### Provided data
----------------------------------------

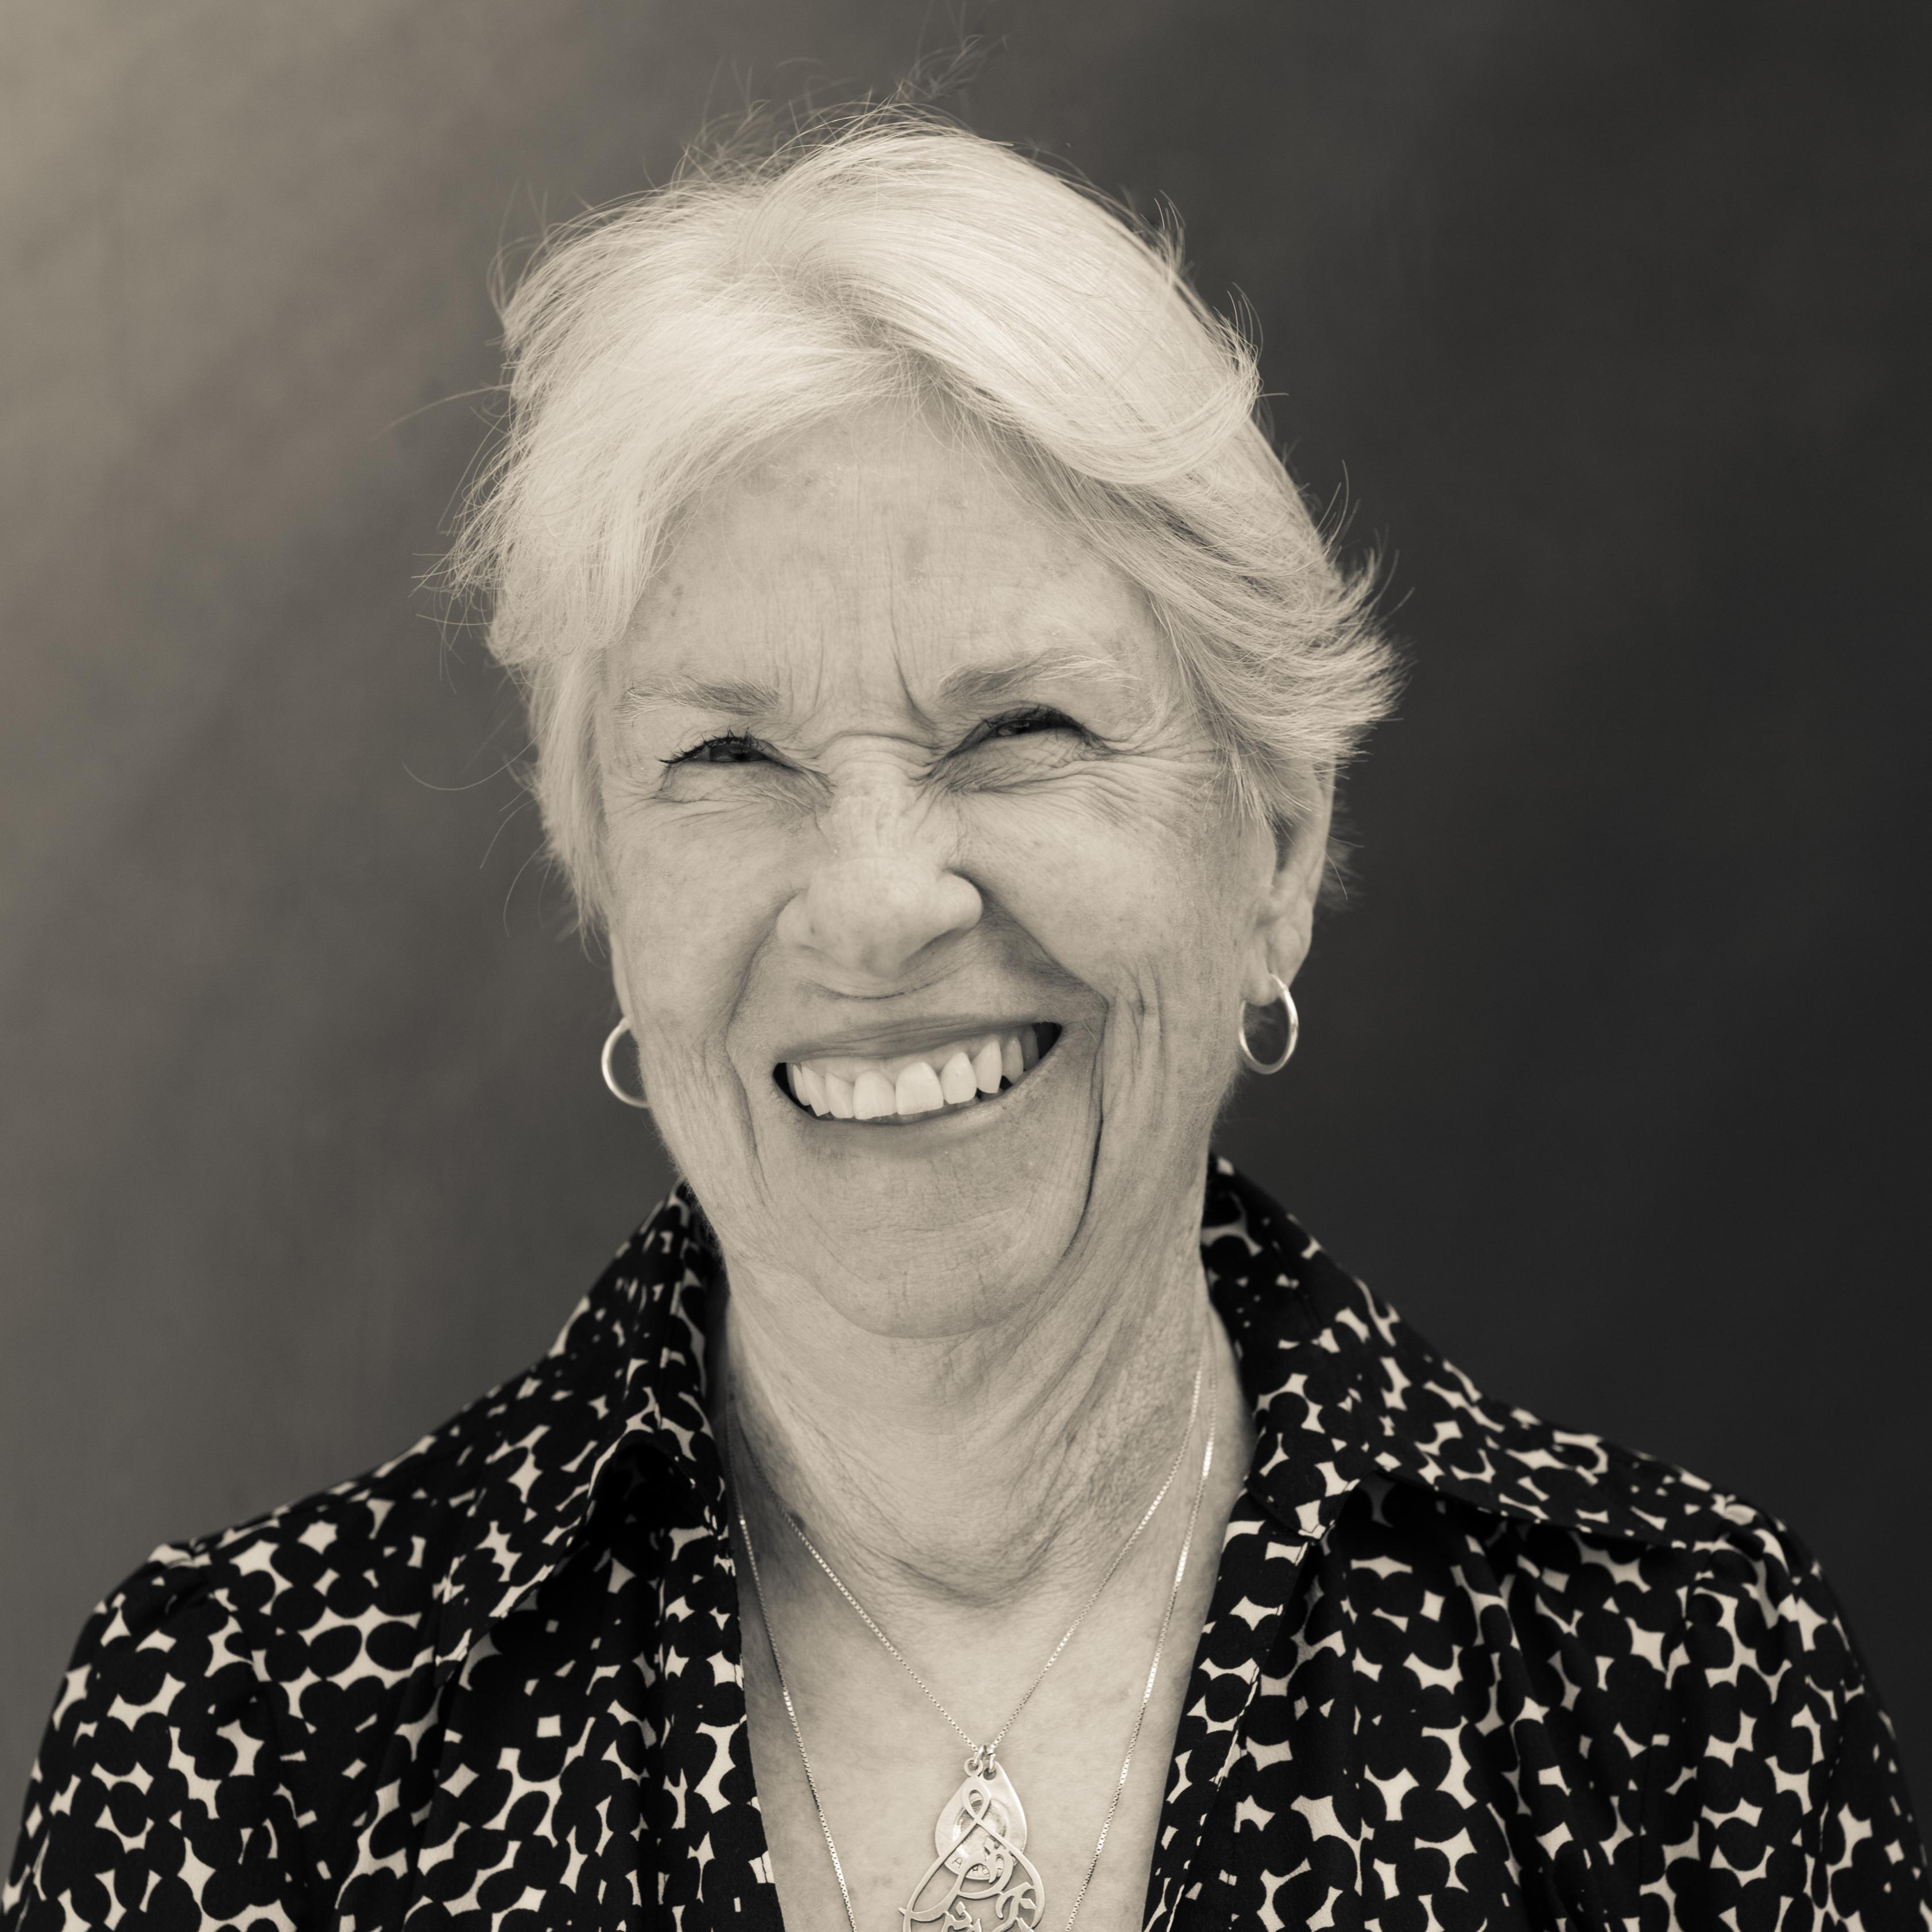 Marianna Hof
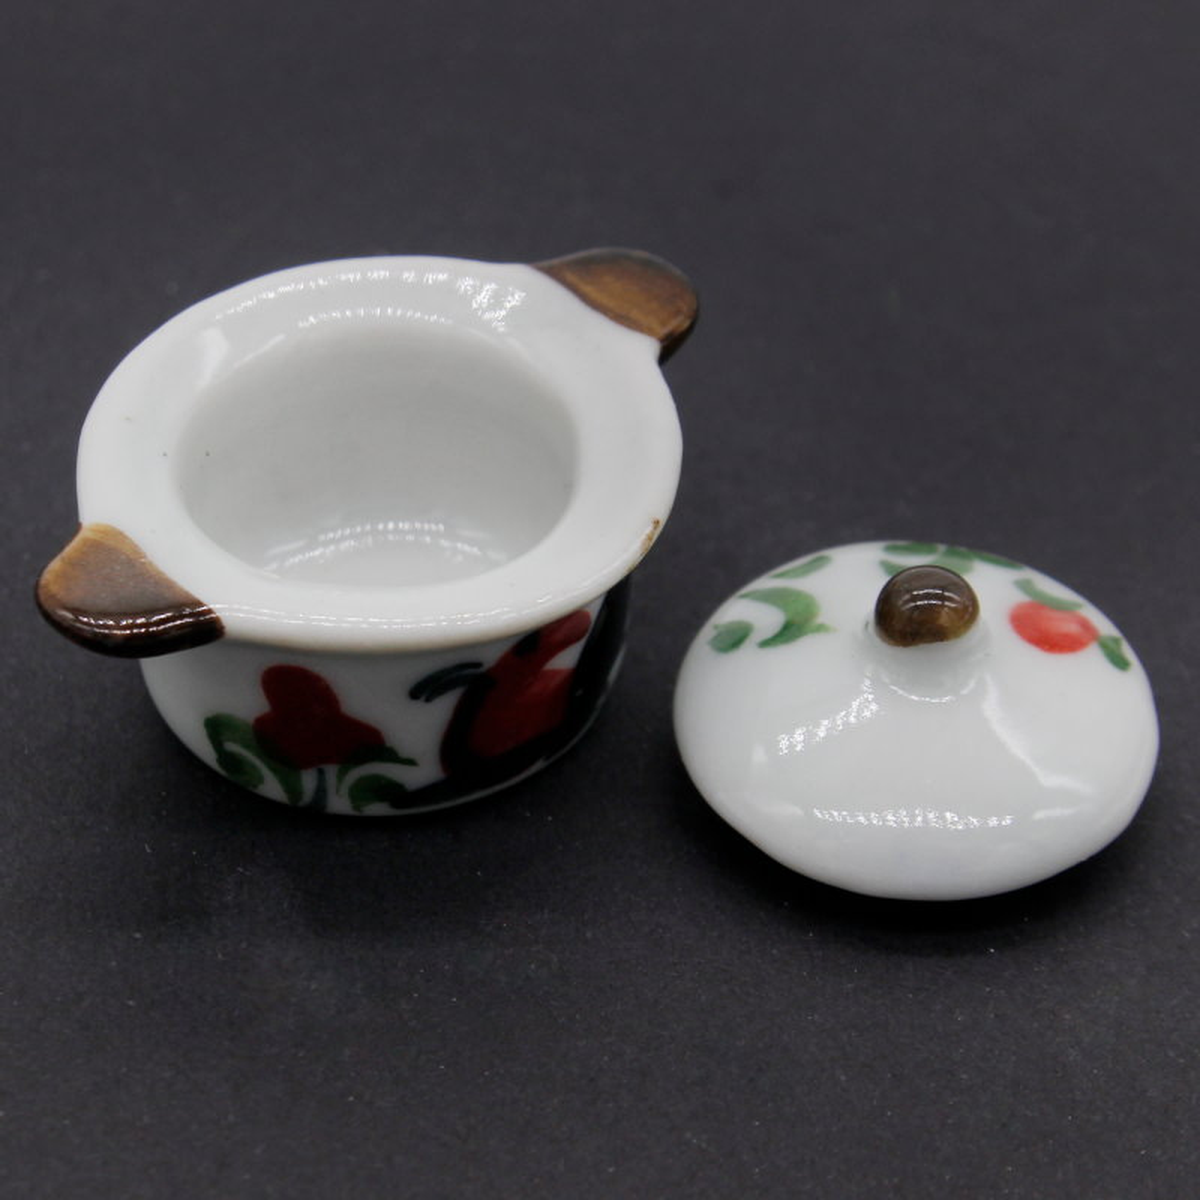 Miniature Printed Ceramic Kitchen Set
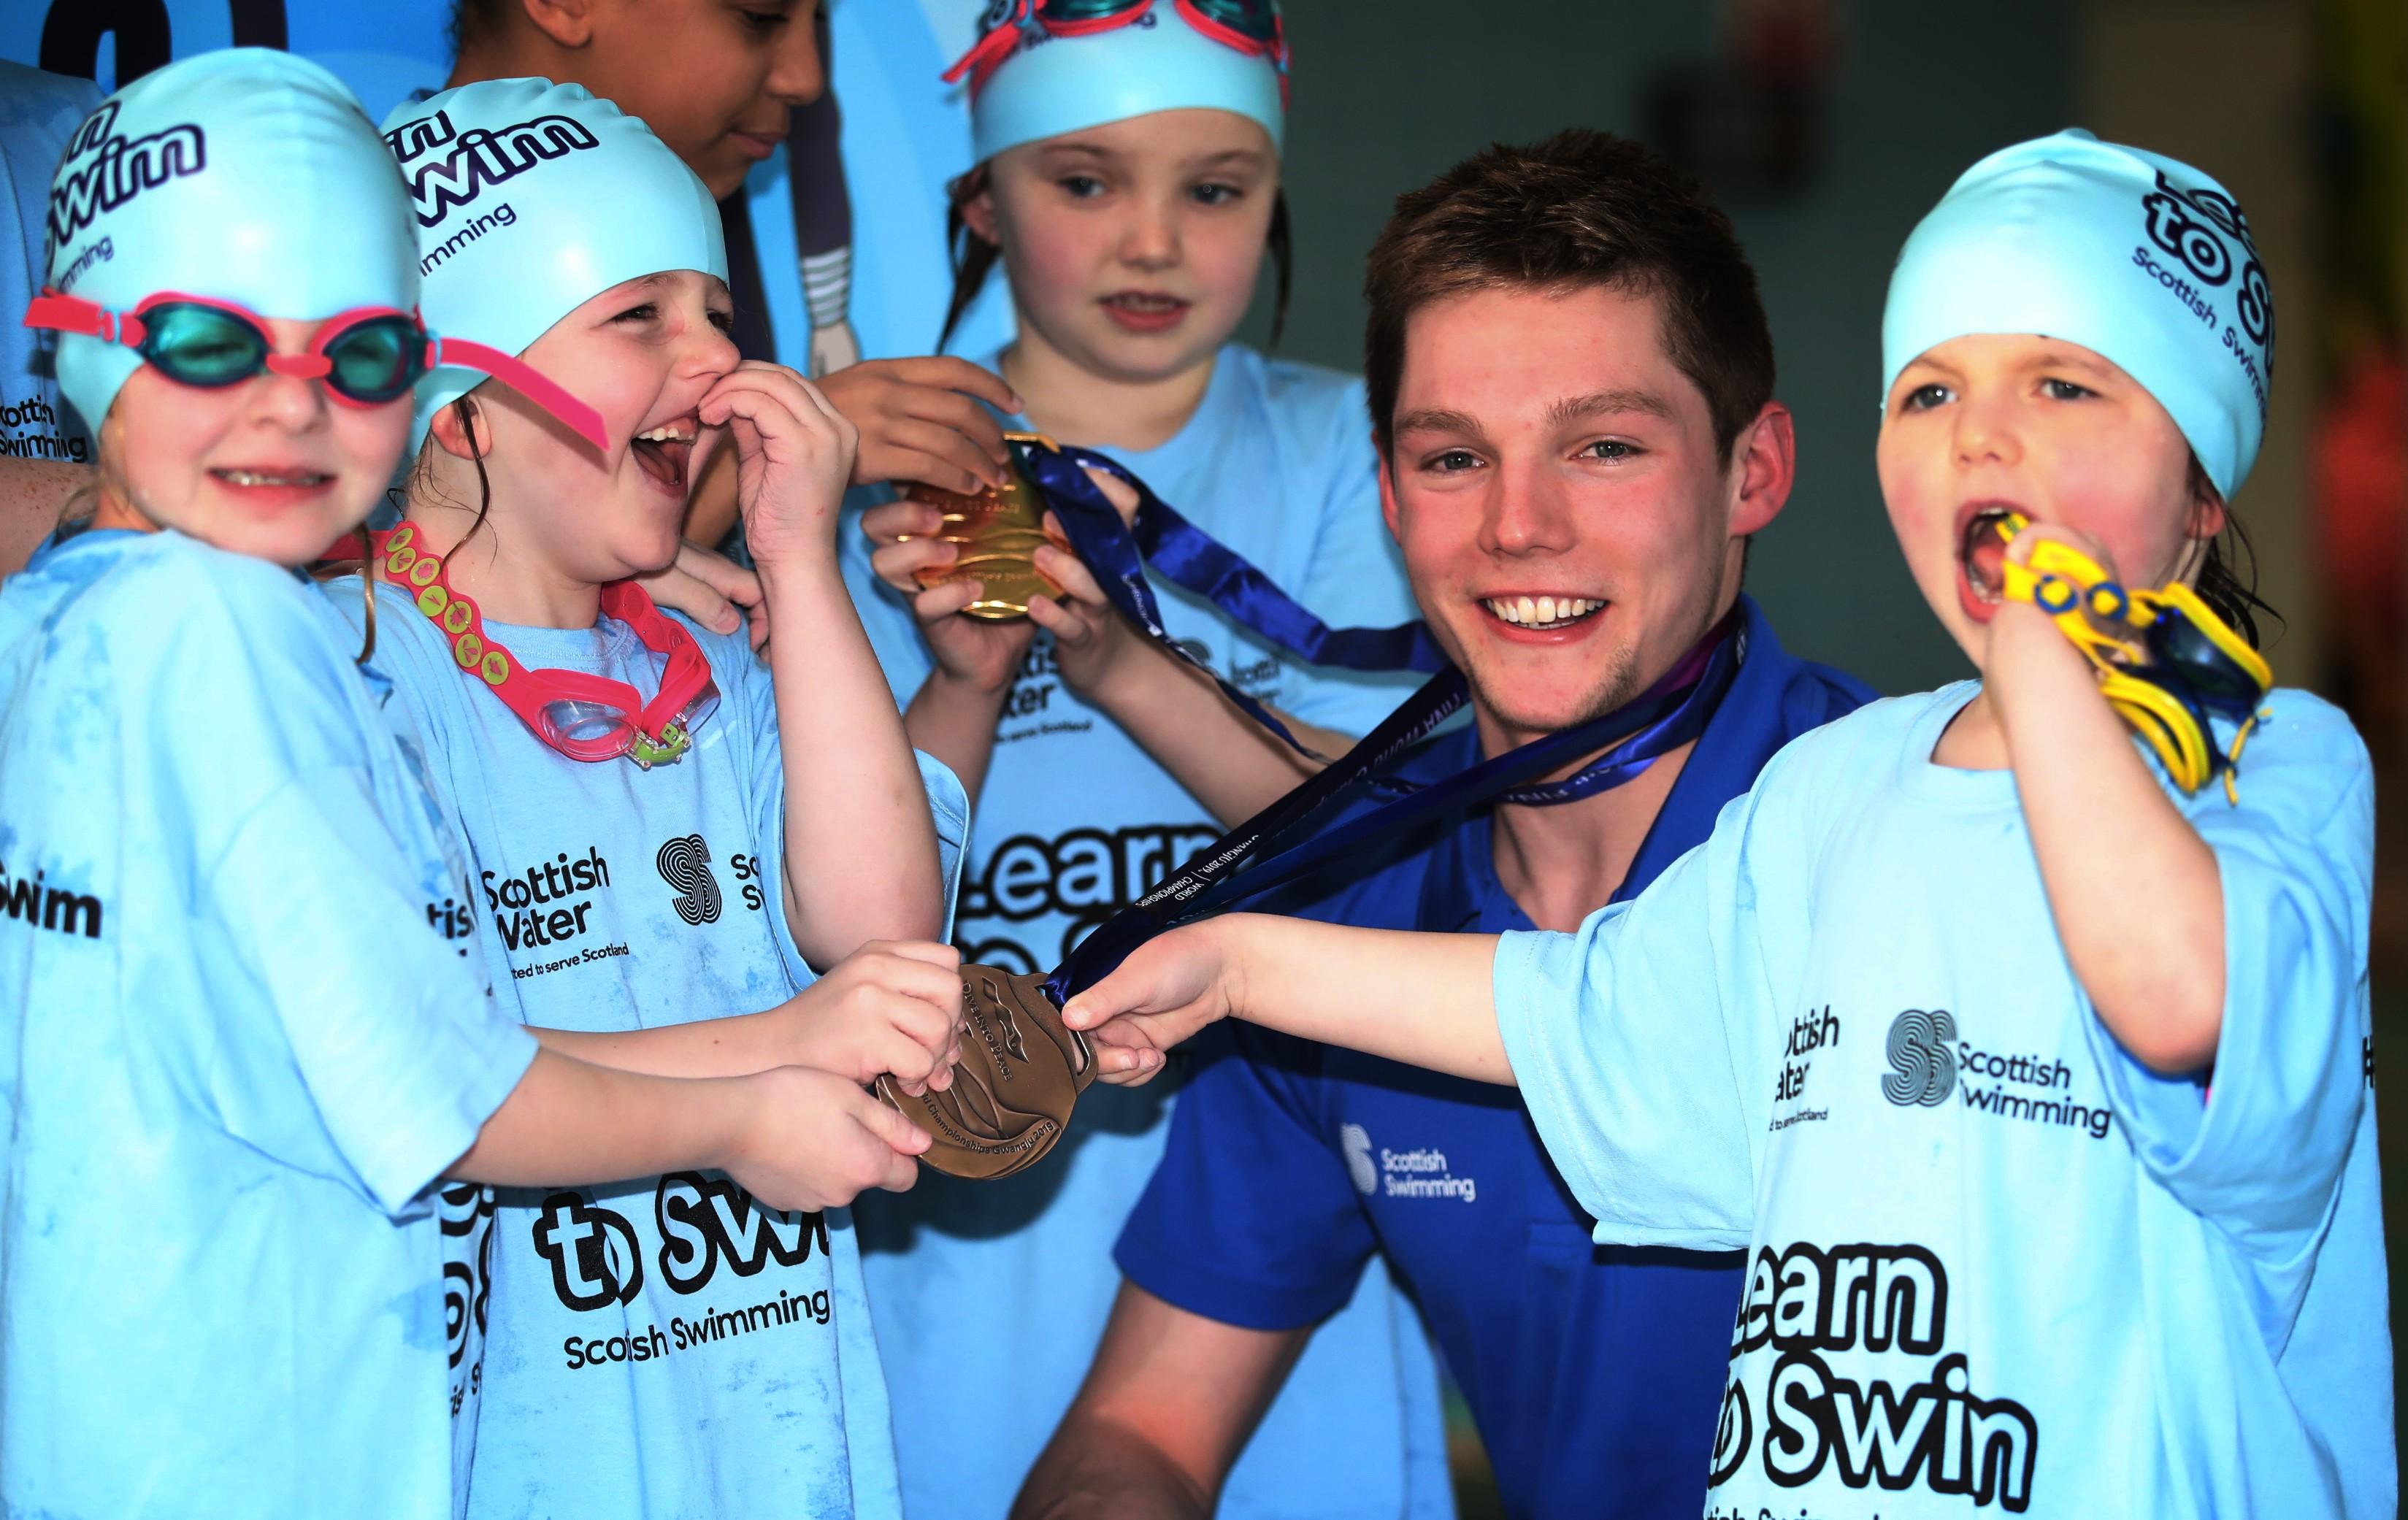 Scot swim star Duncan Scott with children on Learn to Swim programme - Public Sector PR

----------------------------------------

Return only what lies between the line containing "Miniature Printed Ceramic Kitchen Set" and the last line of the listing, those two lines included, exactly as written and with no pictures.

### Output of the exercise
 Miniature Printed Ceramic Kitchen Set
 Scot swim star Duncan Scott with children on Learn to Swim programme - Public Sector PR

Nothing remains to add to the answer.